=== Input for this task ===
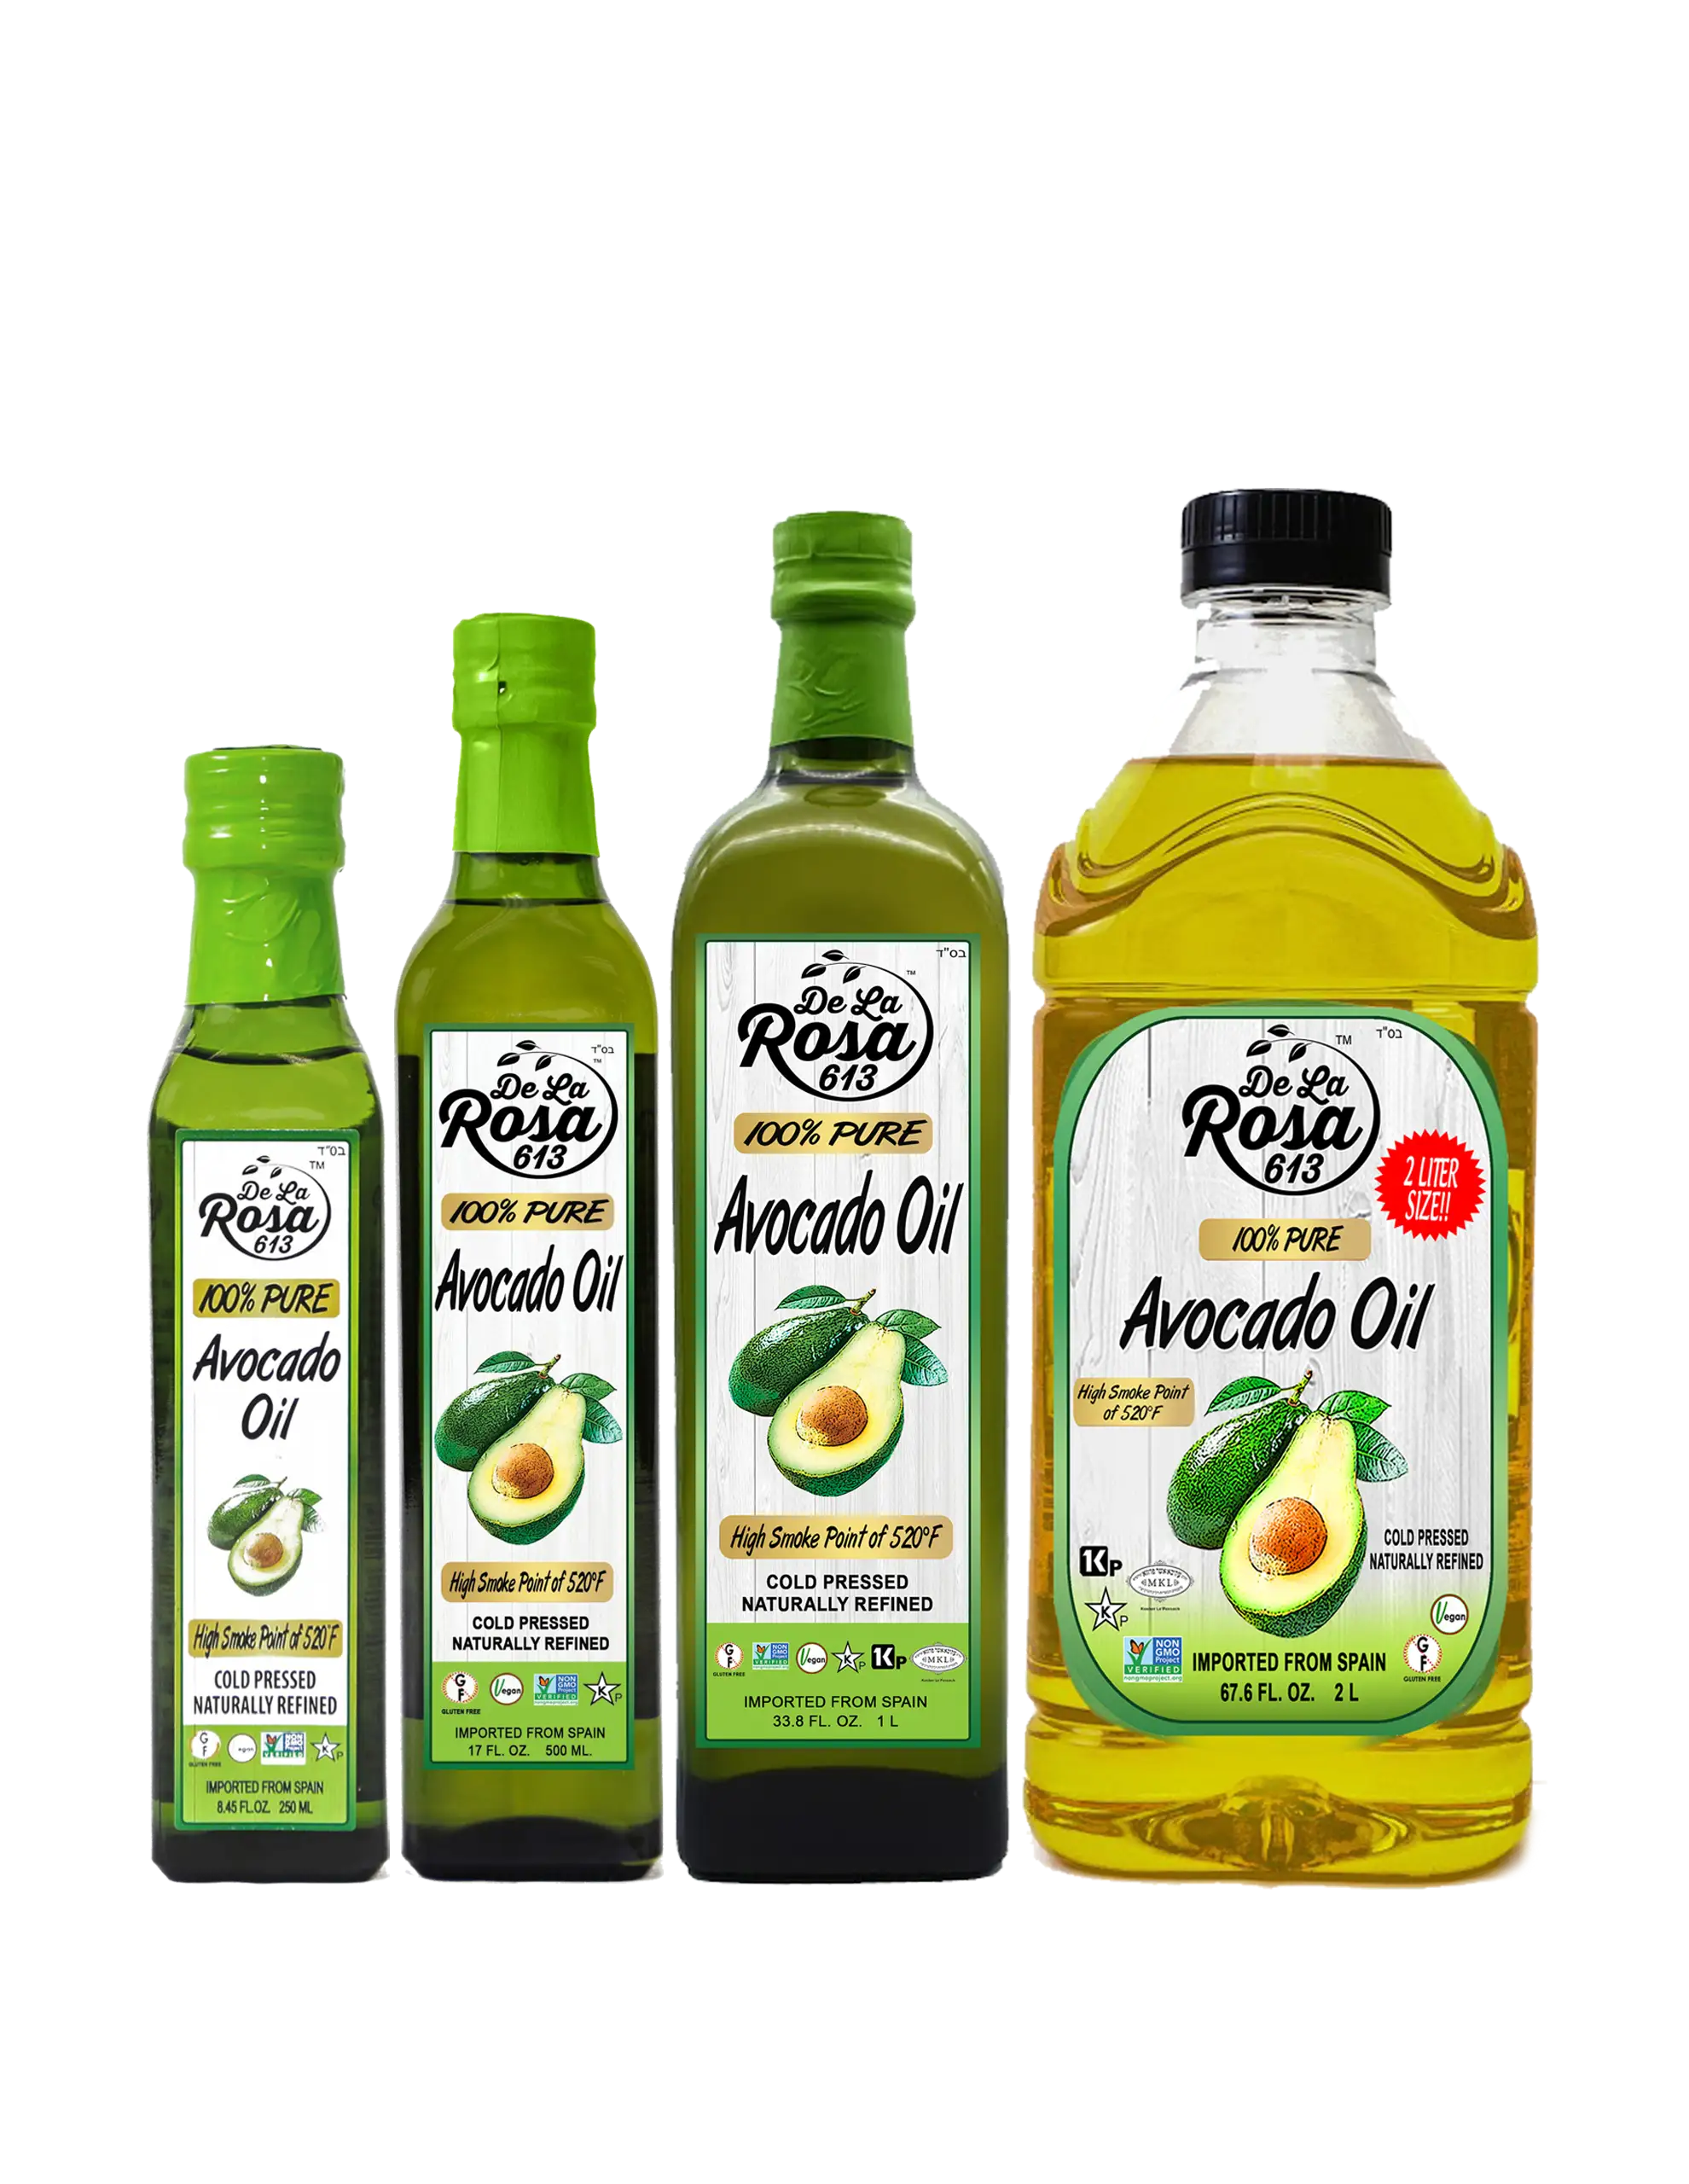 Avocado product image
===
=== Input for this task ===
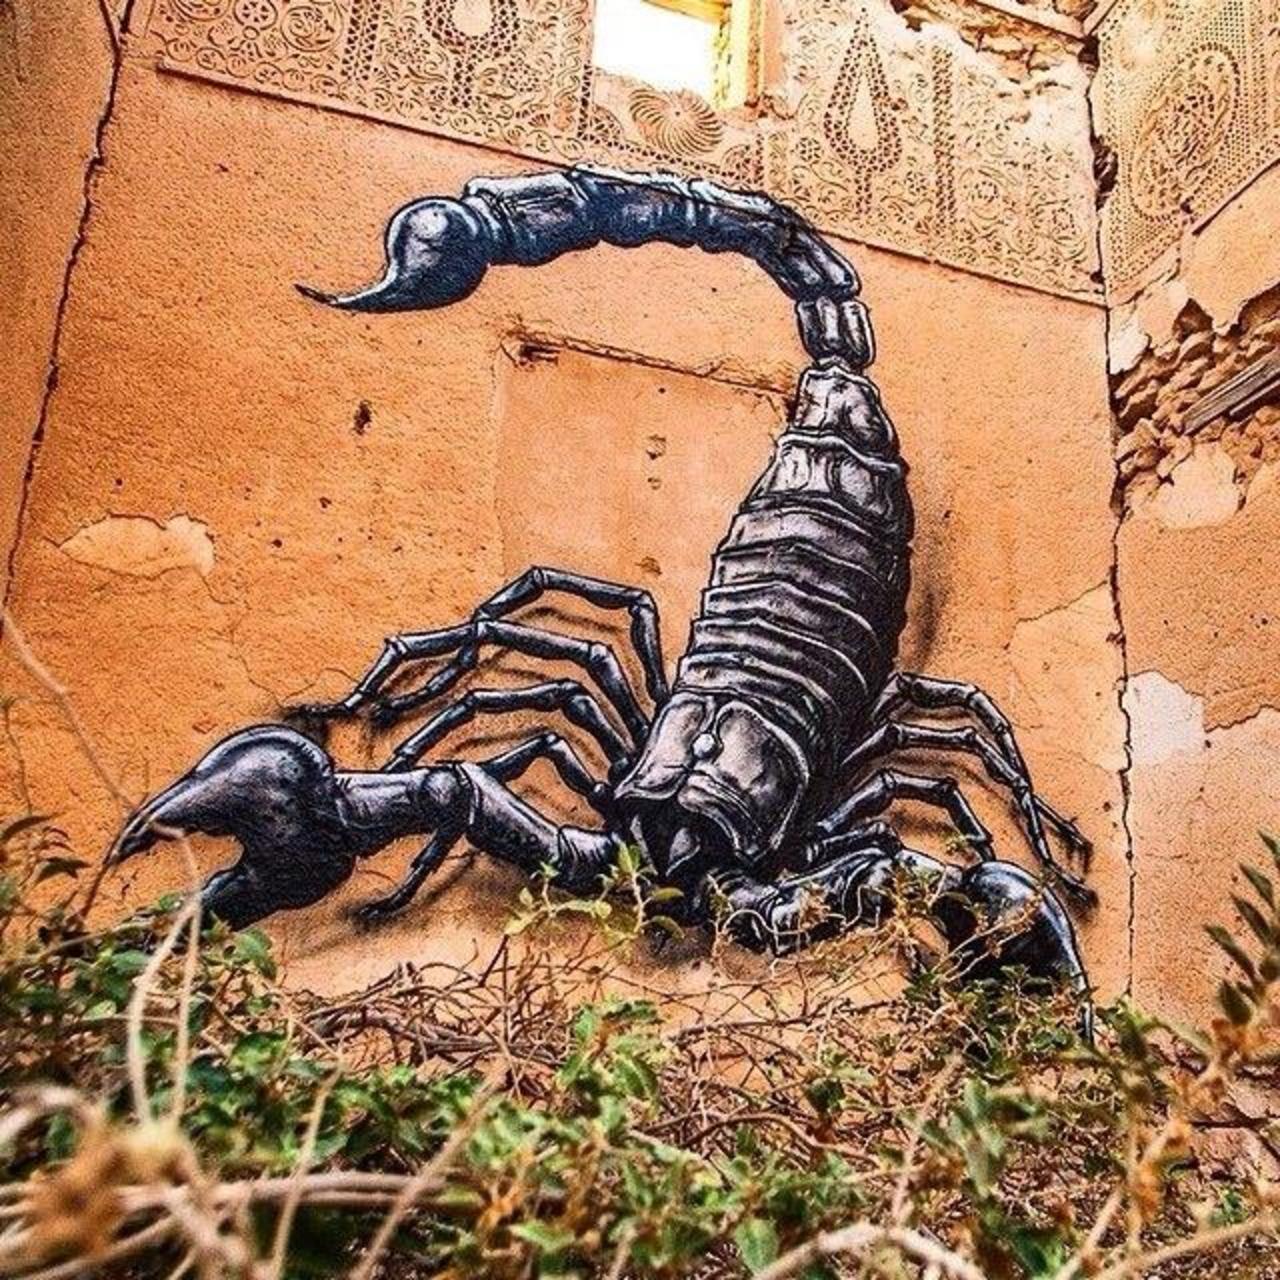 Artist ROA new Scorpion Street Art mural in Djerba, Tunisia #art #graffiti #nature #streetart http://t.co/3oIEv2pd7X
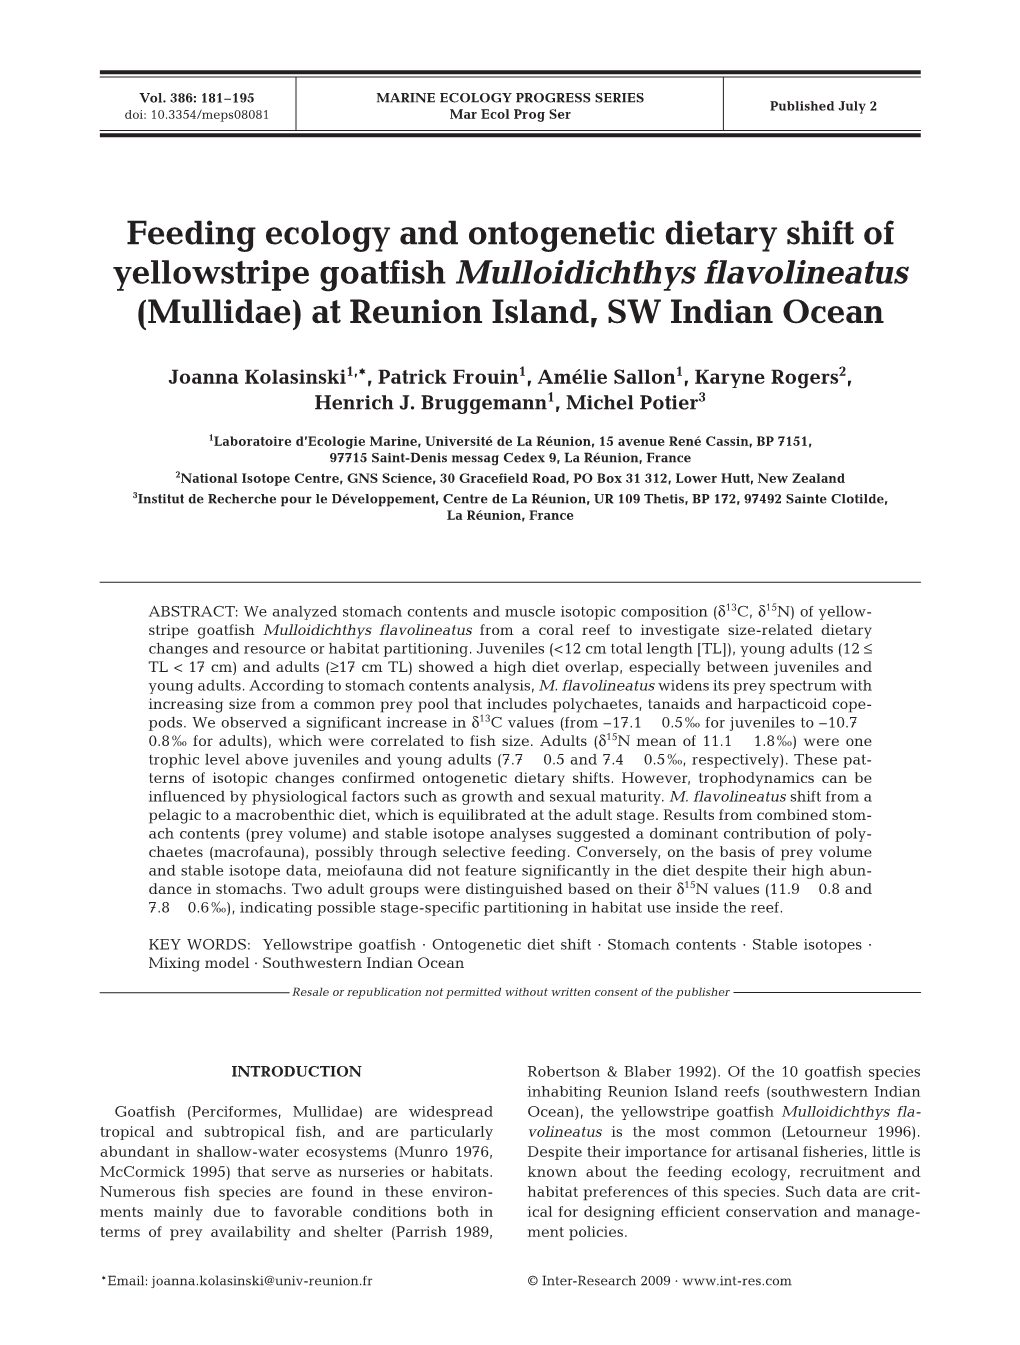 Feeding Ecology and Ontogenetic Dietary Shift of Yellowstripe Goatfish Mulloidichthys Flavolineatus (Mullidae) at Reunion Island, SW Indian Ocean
===
● **Required action**: Everything from the line with "Artist ROA new" through the line with "Feeding Ecology and" in the material above should be transcribed exactly, except the pictures.

● **Answer to this problem**:
 Artist ROA new Scorpion Street Art mural in Djerba, Tunisia #art #graffiti #nature #streetart http://t.co/3oIEv2pd7X
 Feeding Ecology and Ontogenetic Dietary Shift of Yellowstripe Goatfish Mulloidichthys Flavolineatus (Mullidae) at Reunion Island, SW Indian Ocean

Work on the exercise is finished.